I’ve done all the charities and general exams day meals.
The best one was with the Quakers. Lovely people.

Grammaretto Wed 13-Dec-23 18:44:00

What a lovely post Madeleine.
It resonated with me.
I have spent NYE by myself for 3 years since DH died
Christmas is a strange one as people , some widowed like me, are supposed to have an answer to the question " what are you doing for Christmas?"

I used to be the hostess/cook sometimes for as many as 30. Now no-one else wants to take over and I think I've done my share so I am seeing all 4 DC separately over the season.

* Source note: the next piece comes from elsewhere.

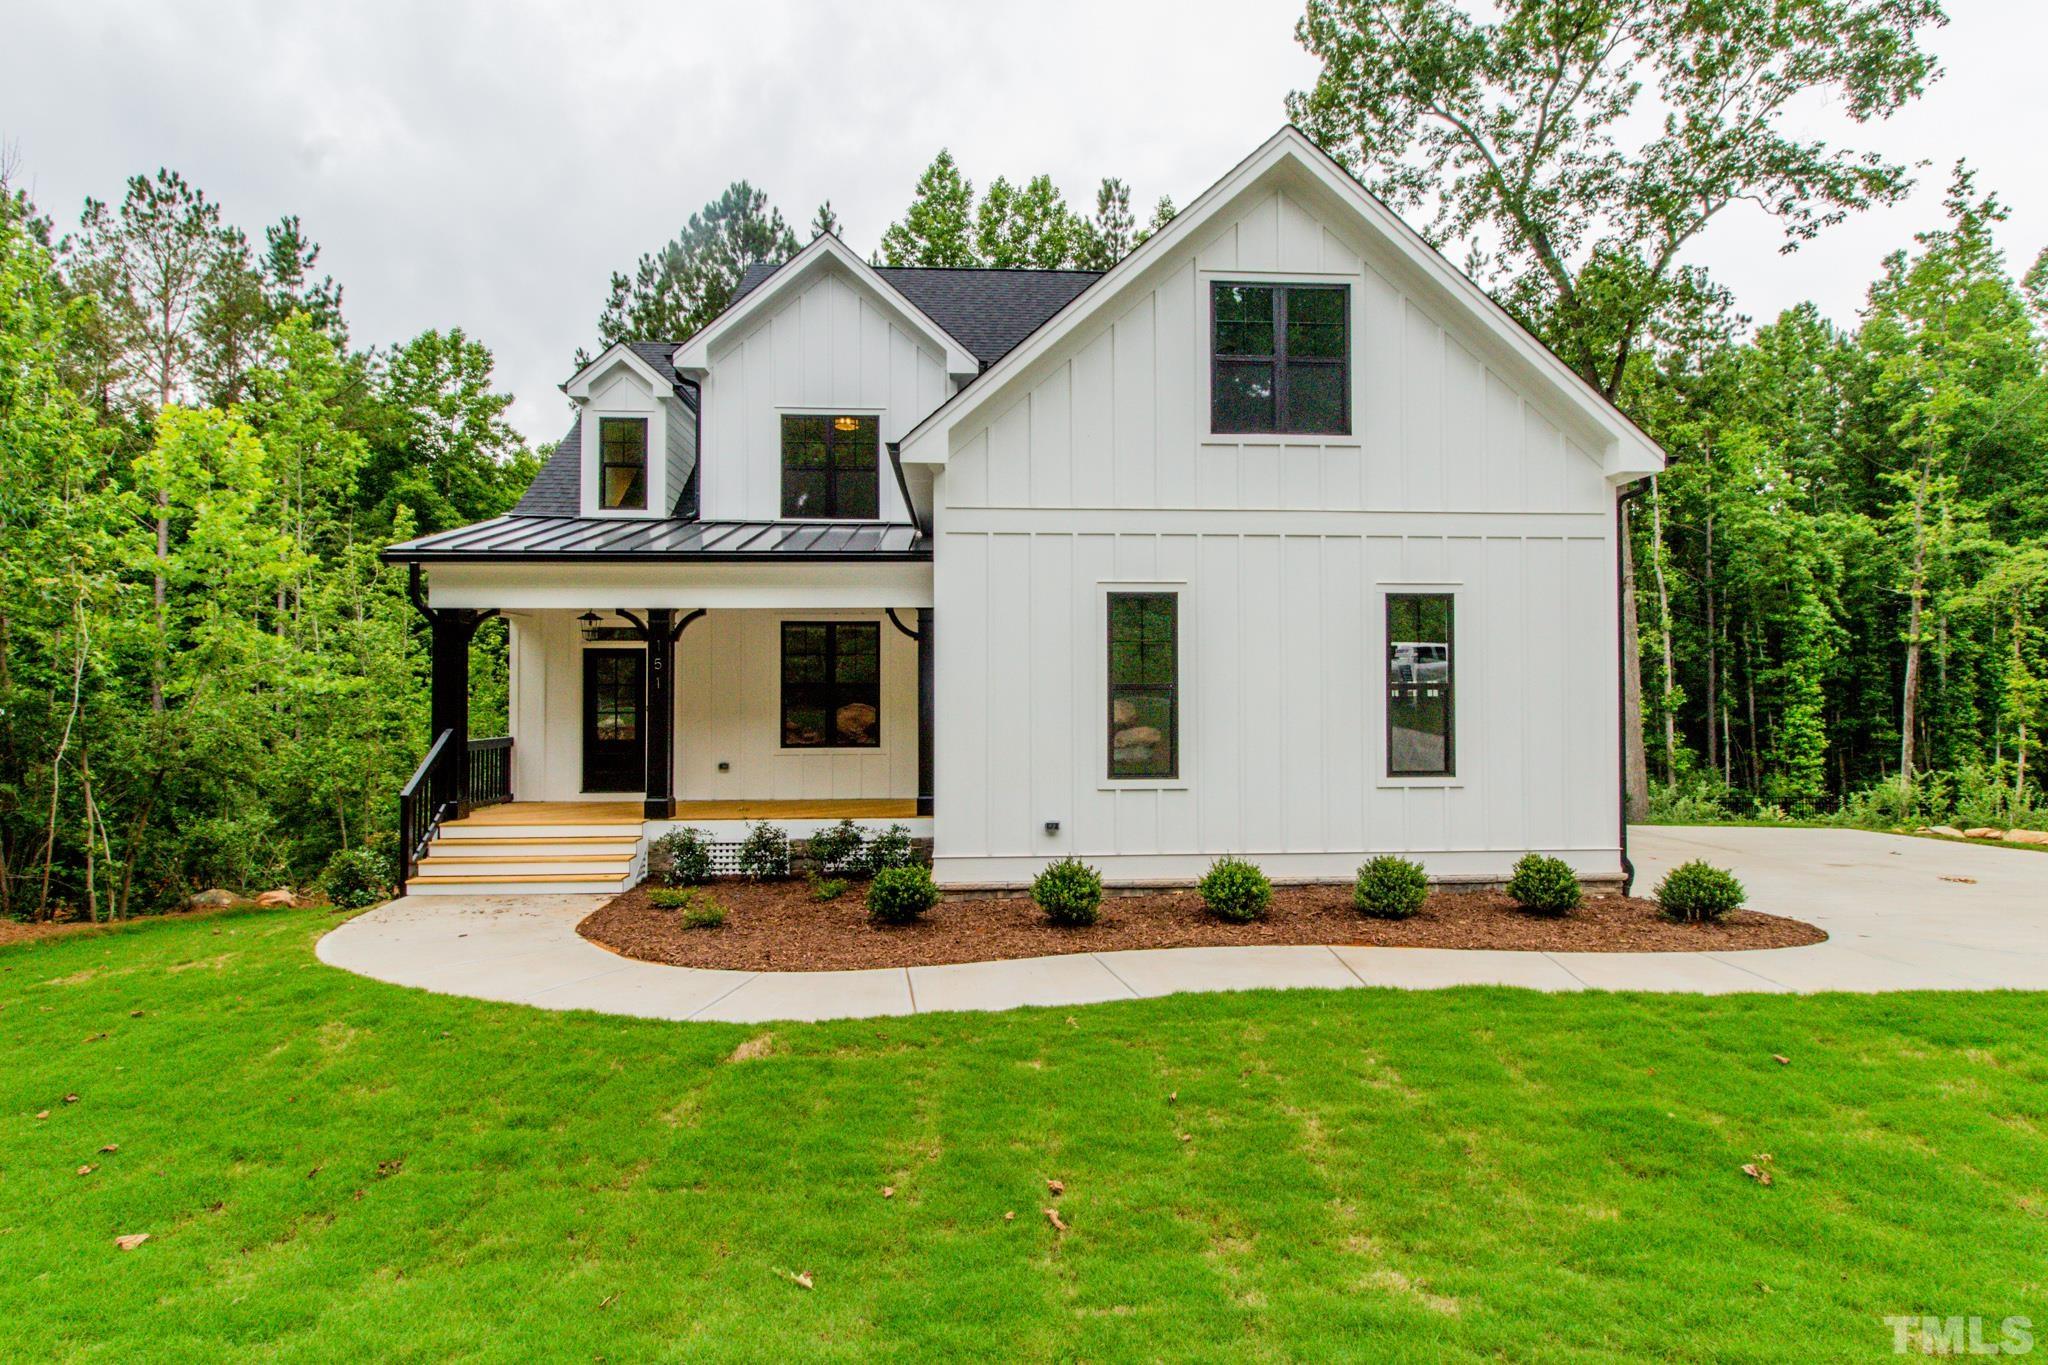 Pittsboro Home for Sale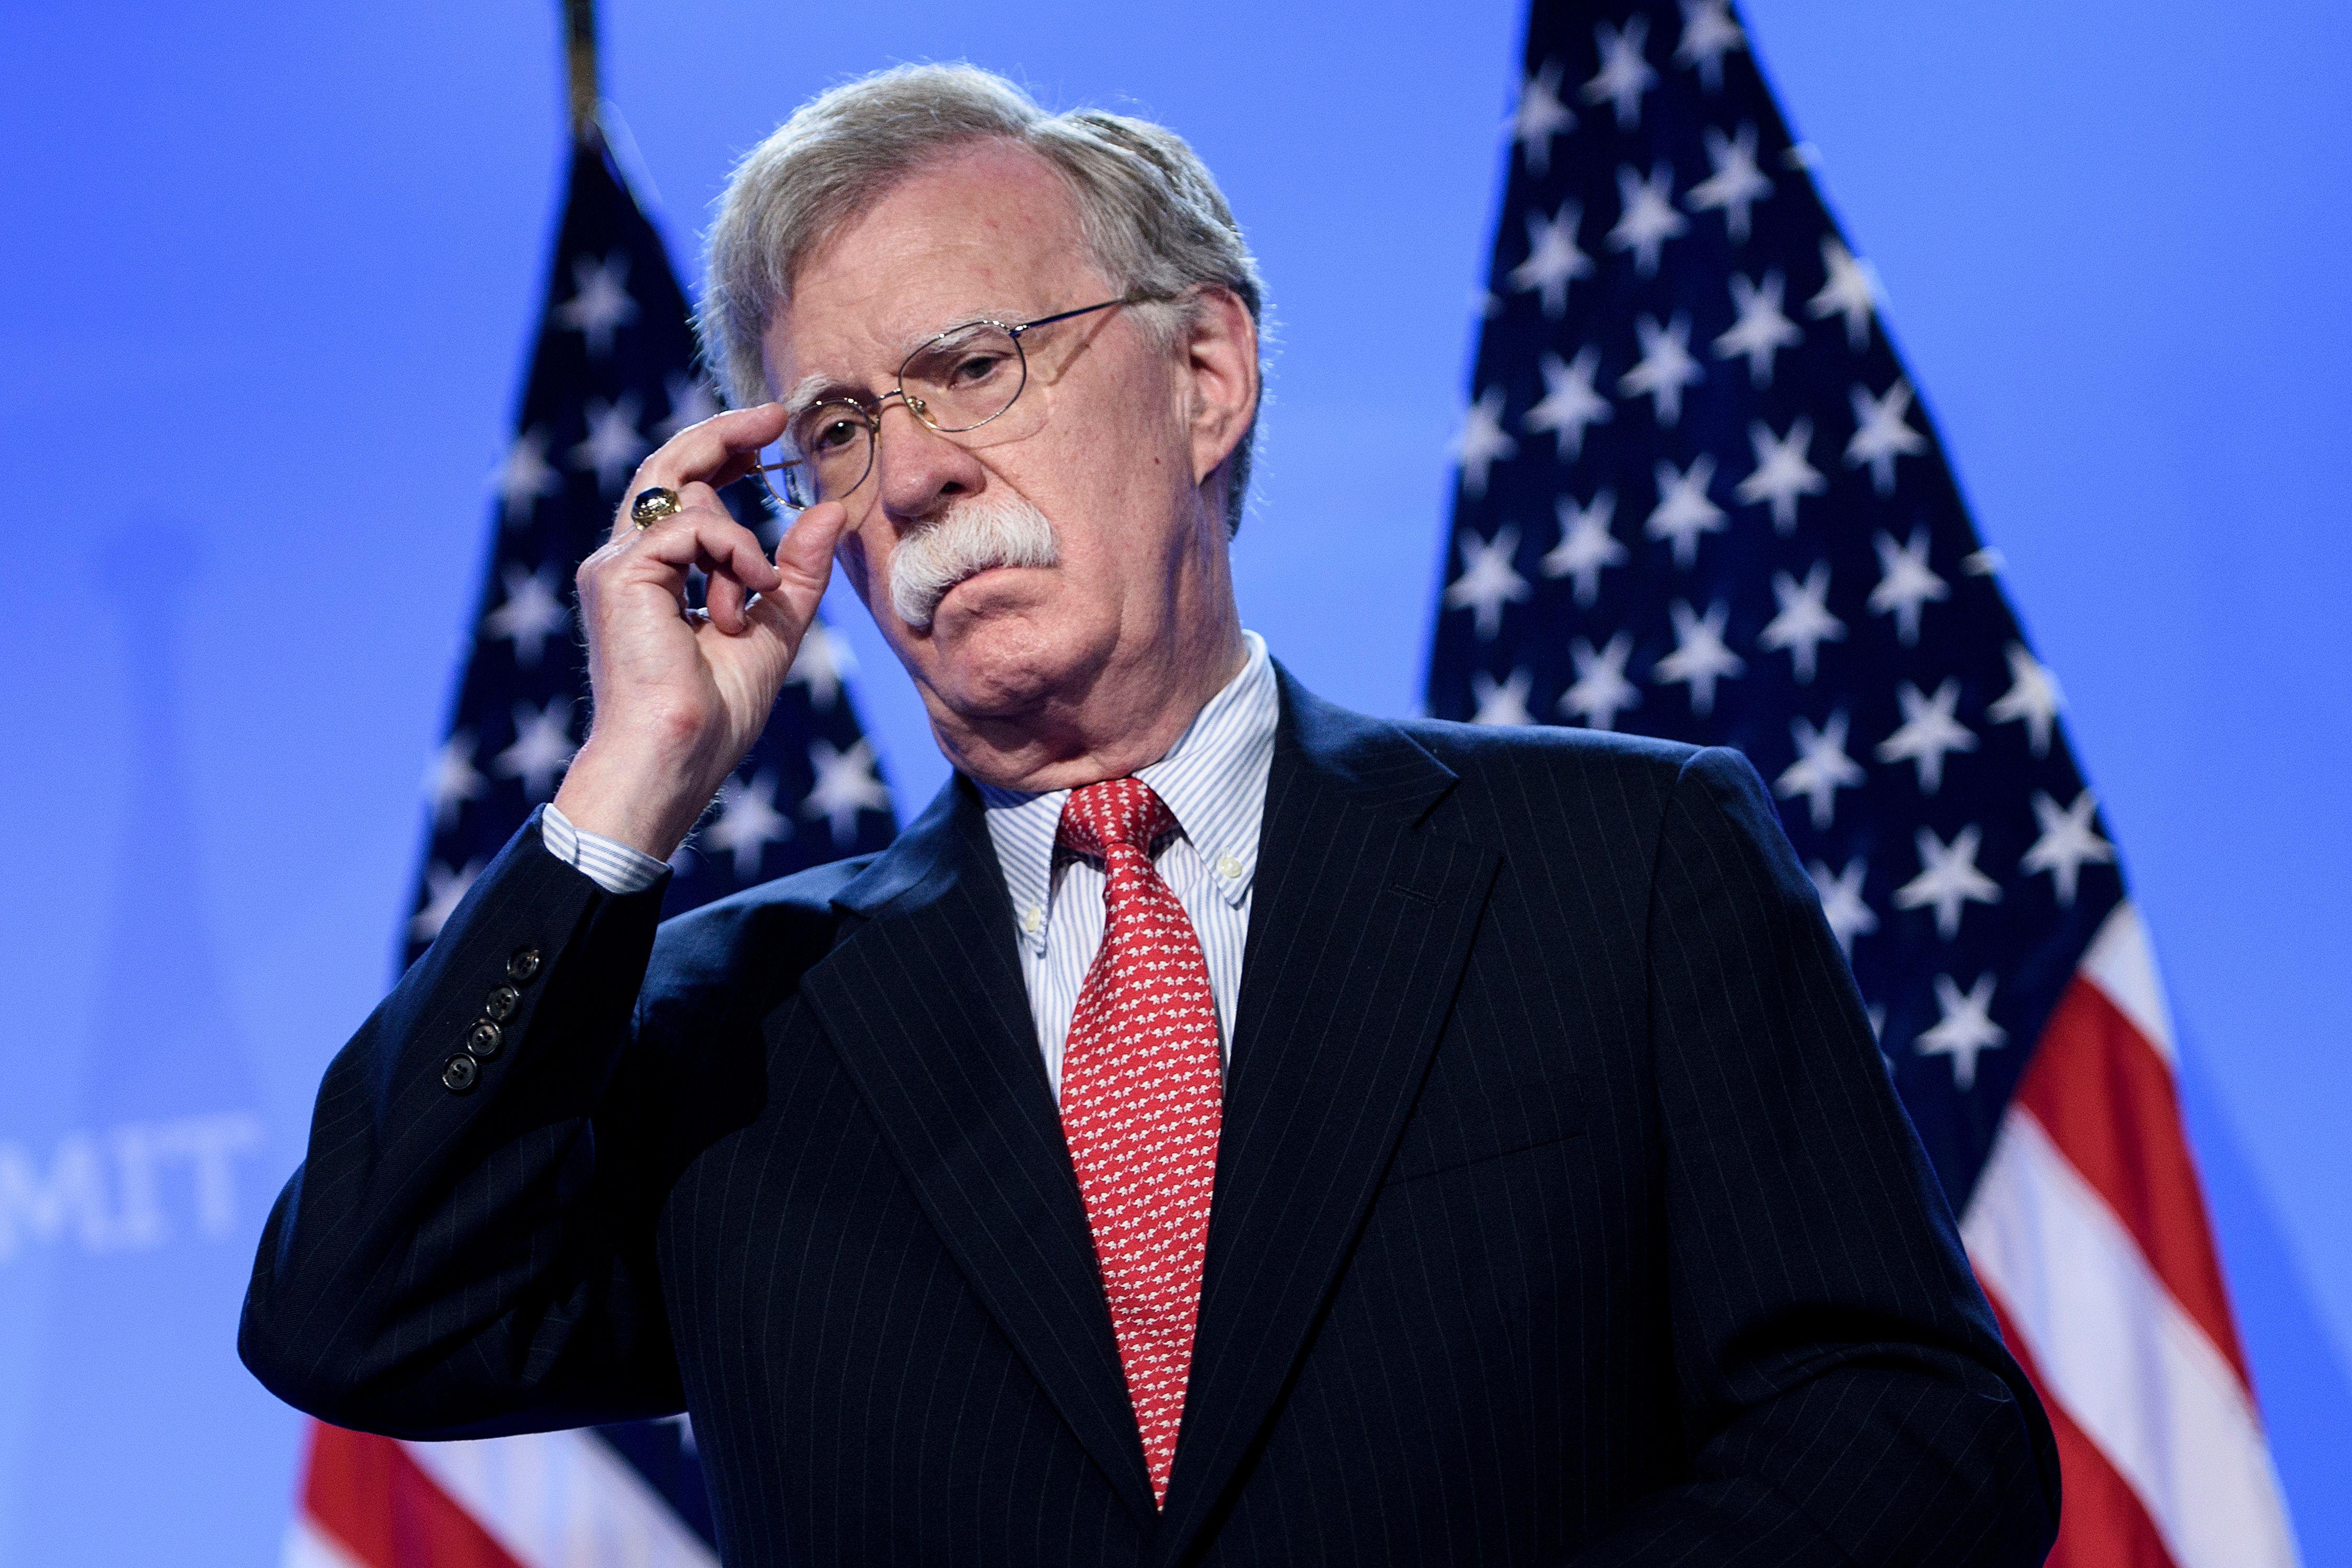 John Bolton adjusts his glasses in front of two American flags.

I was amused by someone on the radio who said if you think everyone else is having a wonderful time, tune into East Enders and be reminded of how awful Christmas can be 😂

Dempie55 Wed 13-Dec-23 18:45:30

This will be my 4th Christmas as a widow, but my first completely alone, as my AC are going to their in-laws (which I am fine with.) I considered going away on a Solo break, but I’d rather be at home with my cat. I’m well prepared, with a stack of books, jigsaws, two hats to knit, and plenty to watch on TV or listen to on Radio 4. I’m having a Waitrose delivery with lots of treats. Will go out for walks every day if the weather is dry. I’m quite looking forward to it now, and very thankful that I don’t have to get up at the crack of dawn to cook a huge turkey or hover over umpteen steaming saucepans!